The definition syntax for a common function is as follows:
def funname (para1:type1,para2:type2): Type = {do some things}
Higher-order functions are in fact the general function of the parameters to further promote the higher order function can be a function of the parameter name is the function name, then the corresponding type of special parameters how to write it. This translates the problem into the question of finding the type of function.
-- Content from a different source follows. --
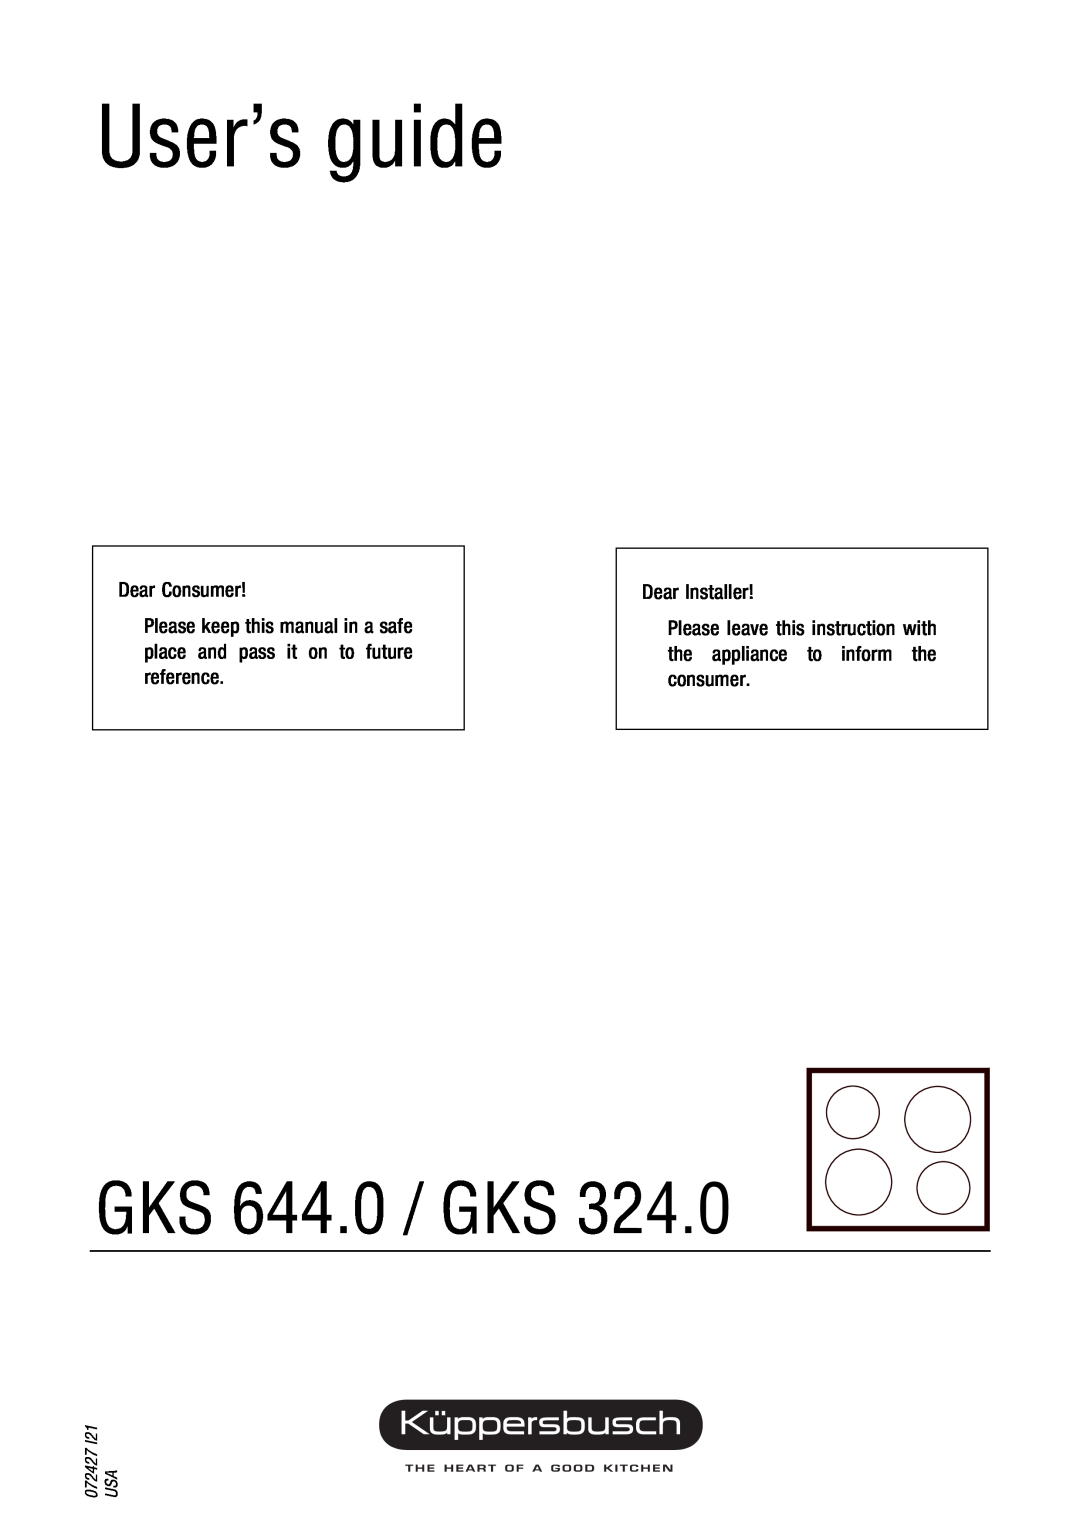 Kuppersbusch USA GKS 324.0 installation instructions Installation Instructions, GKS 644.0 / GKS, for LP Gas Unit, 072429

The type of the function, in fact, is the type of input and output.
Take a look at the following example:
Scala> Import scala.math._
import scala.math._
scala> def valuefor (f: (Double) =>double,value:double )={
| F (value)
|}
Valuefor: (f:double => Double, value:double) Double
scala> valuefor (ceil _,0.25)
res1:double = 1.0
SC Ala> valuefor (sqrt _,0.25)
res2:double = 0.5
scala>
Description: Valuefor The first argument is a function argument, F is the parameter name, (Double) =>double is the type of the argument, the second parameter is a normal argument, the parameter name is value, and the argument type is Double; the Valuefor function definition can be abbreviated to DEF Valuefor (f: (Double) =>double,value:double) =f (value)
Look at one more example:
The map method takes a function argument, applies it to each element in the array, and returns the new array.
Scala> Import scala.math._
import scala.math._
scala> val num = 3.14 num:double
= 3.14
Scala> val func = Ceil _
func:double => Double = <function1>
scala> val array = array (1.0,3.14,4 ). Map (func)
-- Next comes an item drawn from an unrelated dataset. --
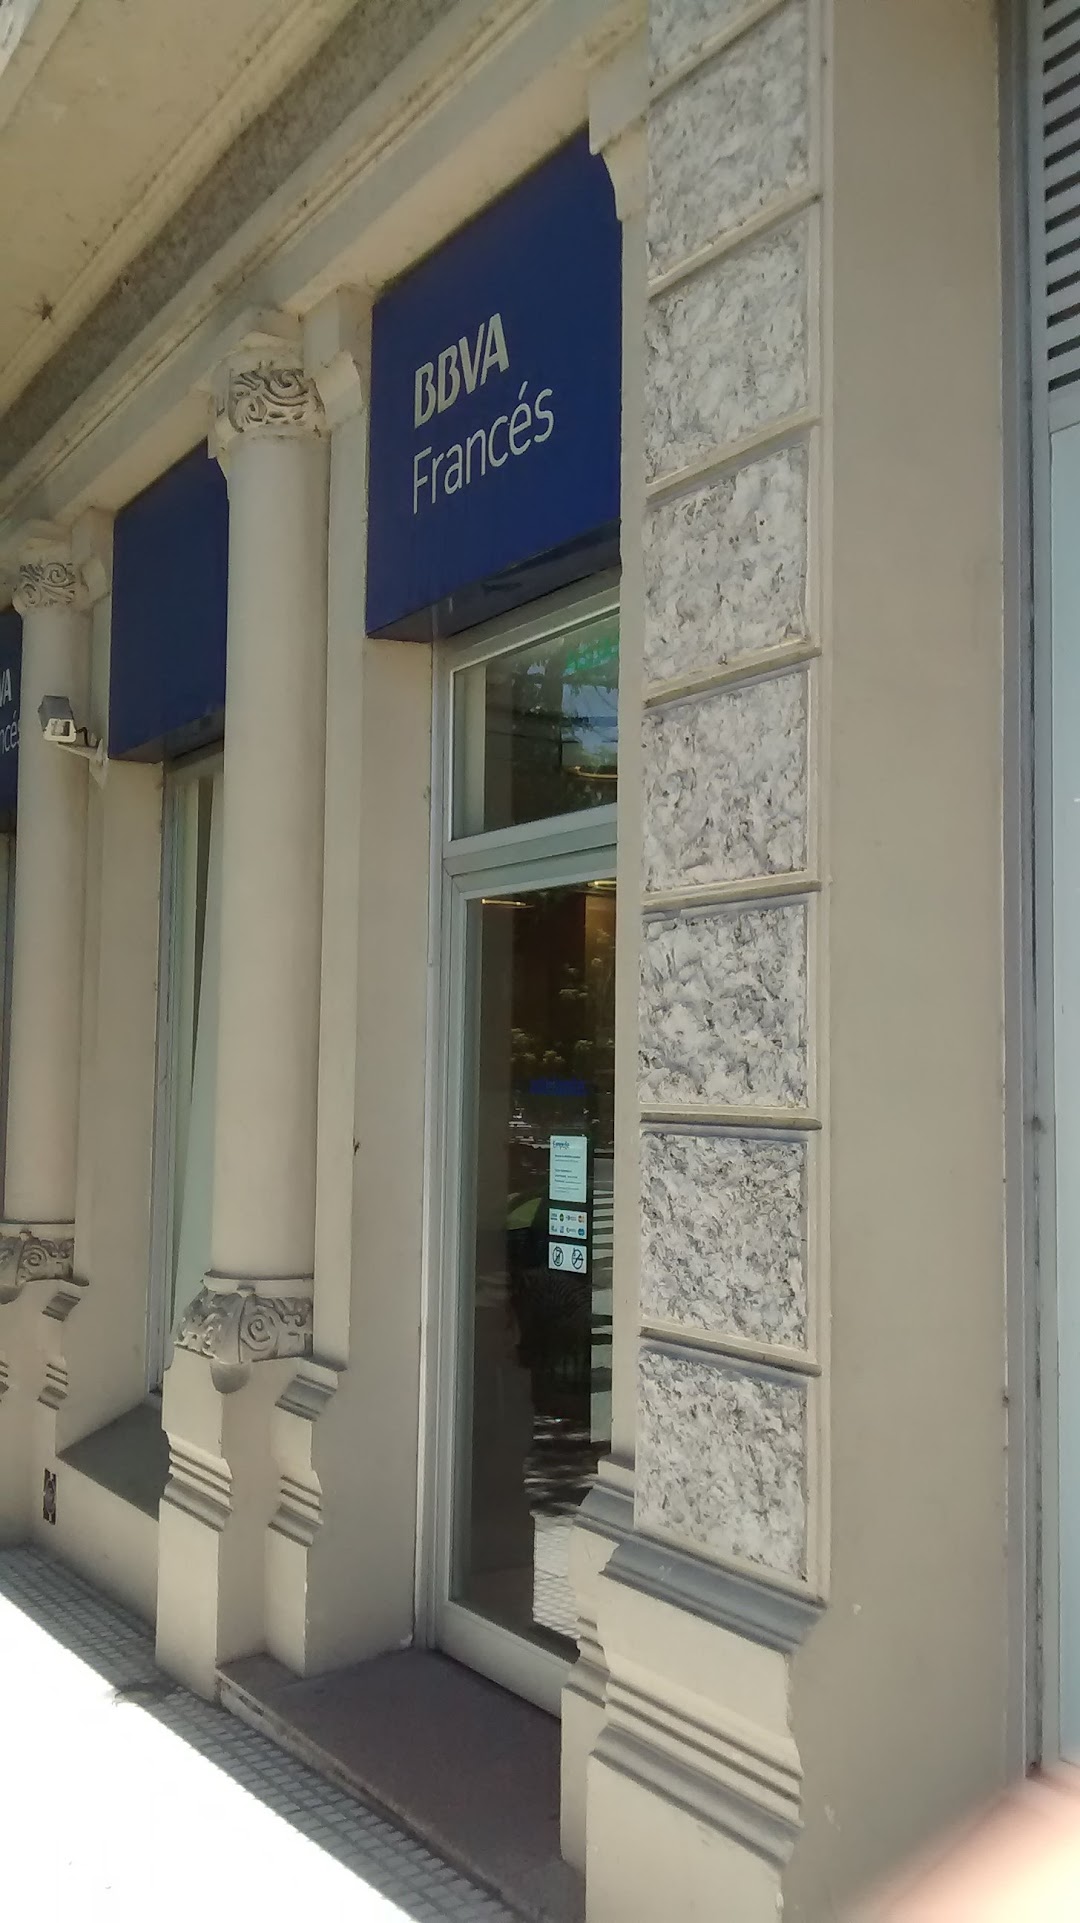 Banco Francés

array:array[double] = Array (1.0, 4.0, 4.0)
scala> for (i<-array) print (i+ "")
1.0 4.0 4.0
scala>
(7) Closure
Closures can be simply considered to be another function that can access local variables within a function.
scala> var factor = 3
factor:int = 3
scala> val multiplier = (i:int) => I * factor
multiplier:int = > Int = <function1>
scala> println (multiplier (1))
3
scala> println (multiplier (2))
6
scala>
(8) Curry (currying)
The Gerty function converts a function that takes over two parameters to a new function process that receives a parameter. The new function returns a function that takes the original second argument as a parameter.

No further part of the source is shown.